Which is the same basic intent found in the FRAC Acts, two bills that amend the Safe Drinking Water Act and give the EPA authority to figure out just what the hell is in those fluids. You’ll find a slightly biased article on the acts here, and another one from the Energy lobby here.
And, of course, there was the protest with no attendees. I drove over to the Gaylord, just to make sure I hadn’t missed the activists. Nothing.
I motored home, popped open a beer and tried not to think about how much of my day had been spent bumper-to-bumper. It wasn’t long before I found out what had happened to the protest:
“We got busted up.”
Several van-loads of angry young canvassers had decided to make a bee-line for the Gaylord itself. Security and the local police kicked their asses out before anything interesting could happen. There was no violence, nothing messy. Just quick, efficient suppression.
There are a lot of scary numbers associated with fracking, but the scariest ones have nothing to do with water pollution. 80 percent of all wells drilled in the US today involve “fracking”. The injuries and poisonings mainly affect rural folks. The rest of us are more affected by the fact that 23 percent of our on-road fuel usage can be eliminated by the use of natural gas in trucks and buses.
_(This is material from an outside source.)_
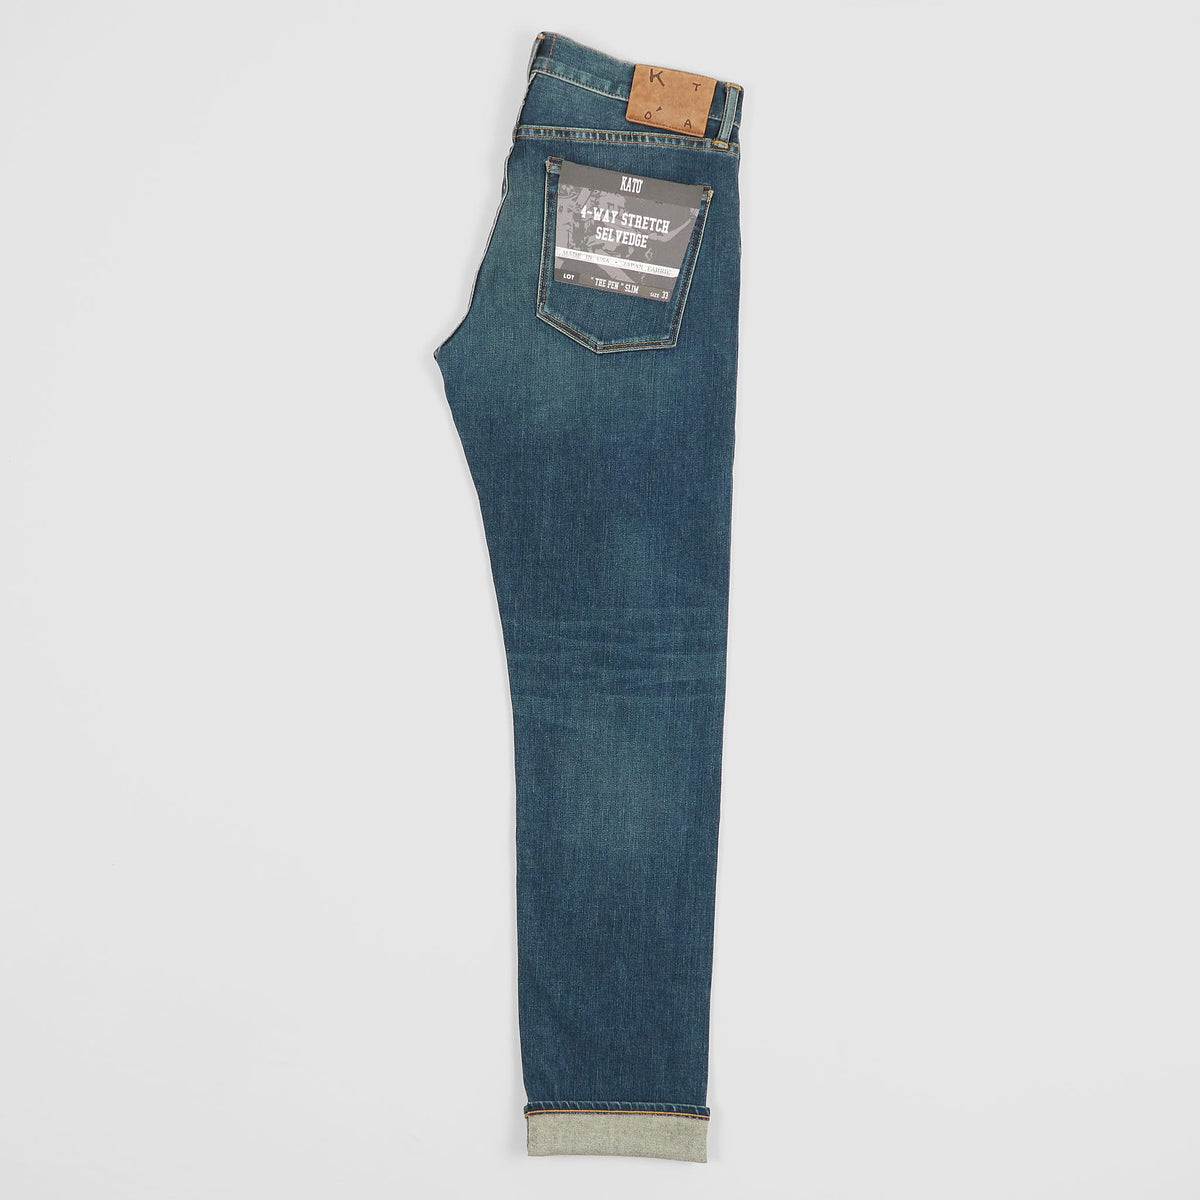 Hiroshi Kato The Pen Zip Fly Selvage Denim Classic Fit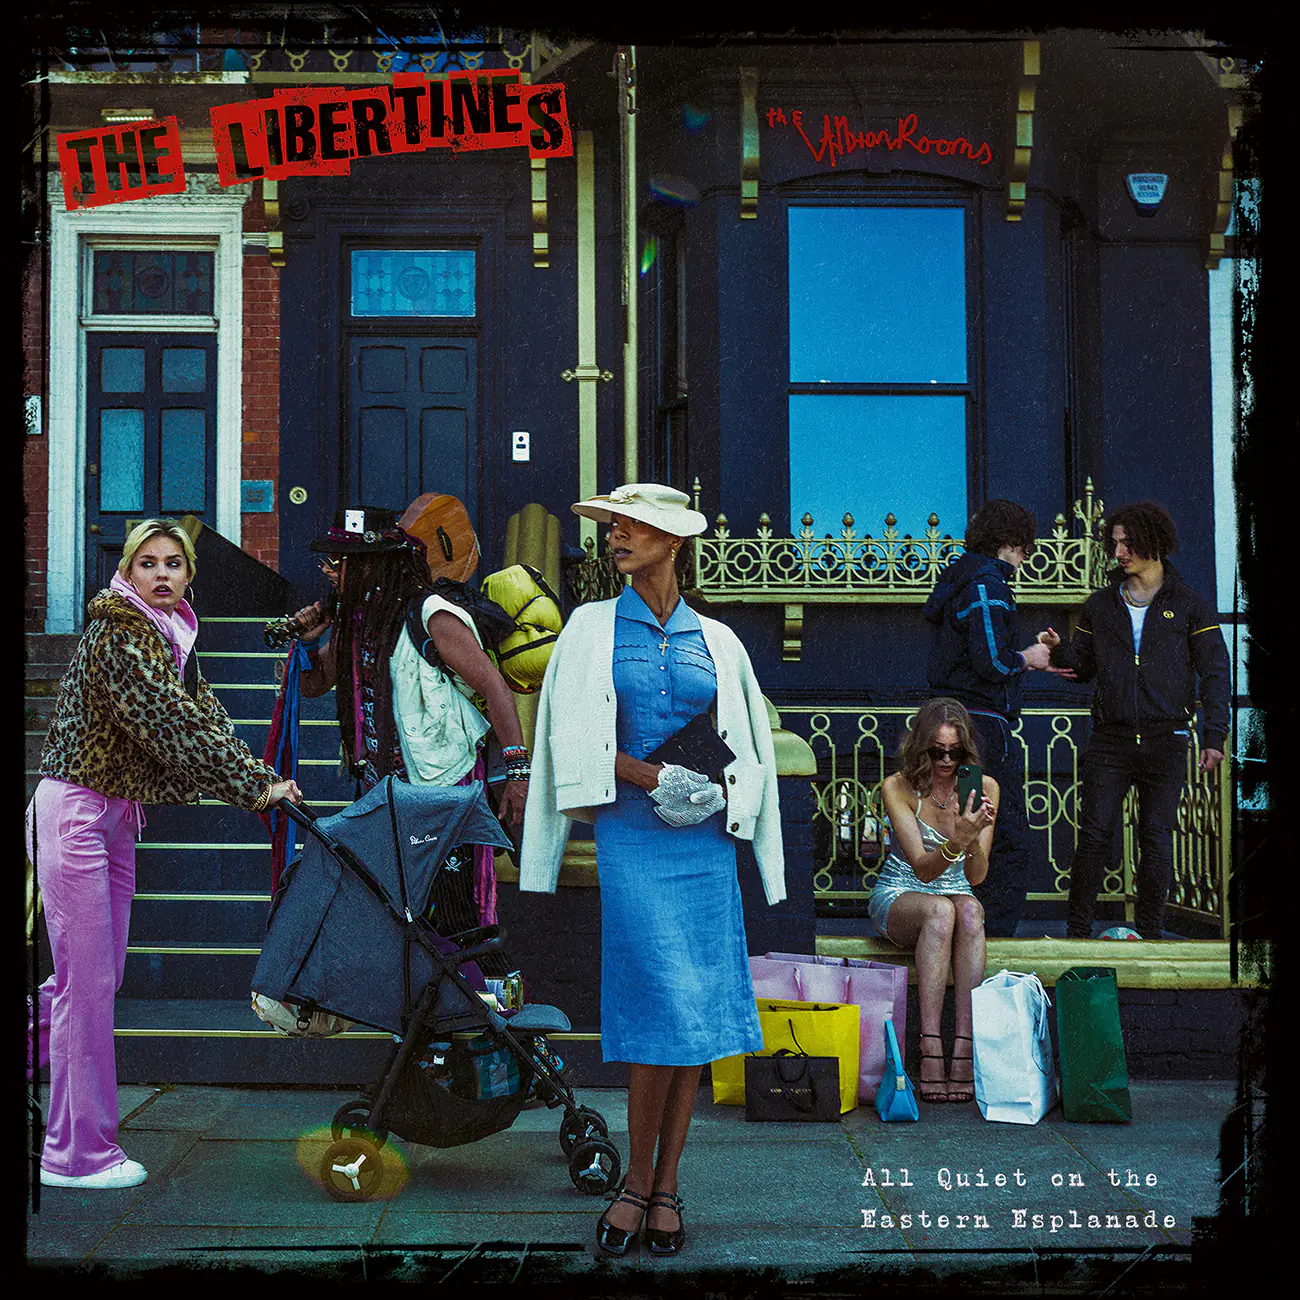 ALBUM REVIEW: The Libertines – All Quiet On The Eastern Esplanade  

Those vehicles make 26 percent of our transportation greenhouse gases. They are the big air polluters for most people in cities. Fracking makes natural gas on the scale we want possible. And it may also irreversibly cripple the wild parts of this country.
I have several friends who own land out around Fort Worth, and most of them have fracking operations of some extent on their property. Even whistleblowers within the industry note that it can be done safely.
And if your water catches on fire? Just move to the city. It’s what everyone else is doing.